→ WHAT YOU ARE ASKED TO DO:
Below are entries; copy exactly the lines from the one with "Proceedings Working Group Meeting" through the one with "حوار الناشطة الحائزة", both included, and leave out the rest.

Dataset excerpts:
##########
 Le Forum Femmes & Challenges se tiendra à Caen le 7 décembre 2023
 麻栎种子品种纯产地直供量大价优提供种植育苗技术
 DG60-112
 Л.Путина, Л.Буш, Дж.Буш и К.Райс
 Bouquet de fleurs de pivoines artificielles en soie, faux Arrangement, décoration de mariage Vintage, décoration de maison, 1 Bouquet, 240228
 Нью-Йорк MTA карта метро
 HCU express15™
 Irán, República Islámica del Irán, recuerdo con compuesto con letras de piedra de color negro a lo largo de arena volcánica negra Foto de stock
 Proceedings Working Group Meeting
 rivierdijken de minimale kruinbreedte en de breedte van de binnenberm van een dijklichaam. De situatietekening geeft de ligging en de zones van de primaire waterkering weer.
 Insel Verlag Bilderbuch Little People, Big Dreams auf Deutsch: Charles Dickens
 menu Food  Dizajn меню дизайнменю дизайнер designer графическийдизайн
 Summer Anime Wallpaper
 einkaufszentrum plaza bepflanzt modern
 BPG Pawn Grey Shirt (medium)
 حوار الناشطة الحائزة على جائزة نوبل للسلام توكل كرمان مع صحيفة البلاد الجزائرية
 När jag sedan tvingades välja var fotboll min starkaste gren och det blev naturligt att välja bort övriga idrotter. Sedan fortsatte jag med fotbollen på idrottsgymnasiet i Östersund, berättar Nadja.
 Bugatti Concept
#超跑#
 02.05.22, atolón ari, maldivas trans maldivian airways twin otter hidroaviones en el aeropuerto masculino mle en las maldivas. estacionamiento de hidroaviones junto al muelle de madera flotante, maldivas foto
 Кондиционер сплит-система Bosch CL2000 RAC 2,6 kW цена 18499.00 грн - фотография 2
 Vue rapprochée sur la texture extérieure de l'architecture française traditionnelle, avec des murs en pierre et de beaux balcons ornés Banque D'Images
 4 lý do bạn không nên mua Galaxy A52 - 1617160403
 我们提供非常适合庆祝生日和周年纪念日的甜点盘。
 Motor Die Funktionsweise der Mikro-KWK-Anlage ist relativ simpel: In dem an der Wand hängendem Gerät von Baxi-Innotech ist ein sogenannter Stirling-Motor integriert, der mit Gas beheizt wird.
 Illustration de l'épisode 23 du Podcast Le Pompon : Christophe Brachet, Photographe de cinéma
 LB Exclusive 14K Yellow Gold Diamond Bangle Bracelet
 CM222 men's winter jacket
##########
→ WRITTEN ANSWER:
 Proceedings Working Group Meeting
 rivierdijken de minimale kruinbreedte en de breedte van de binnenberm van een dijklichaam. De situatietekening geeft de ligging en de zones van de primaire waterkering weer.
 Insel Verlag Bilderbuch Little People, Big Dreams auf Deutsch: Charles Dickens
 menu Food  Dizajn меню дизайнменю дизайнер designer графическийдизайн
 Summer Anime Wallpaper
 einkaufszentrum plaza bepflanzt modern
 BPG Pawn Grey Shirt (medium)
 حوار الناشطة الحائزة على جائزة نوبل للسلام توكل كرمان مع صحيفة البلاد الجزائرية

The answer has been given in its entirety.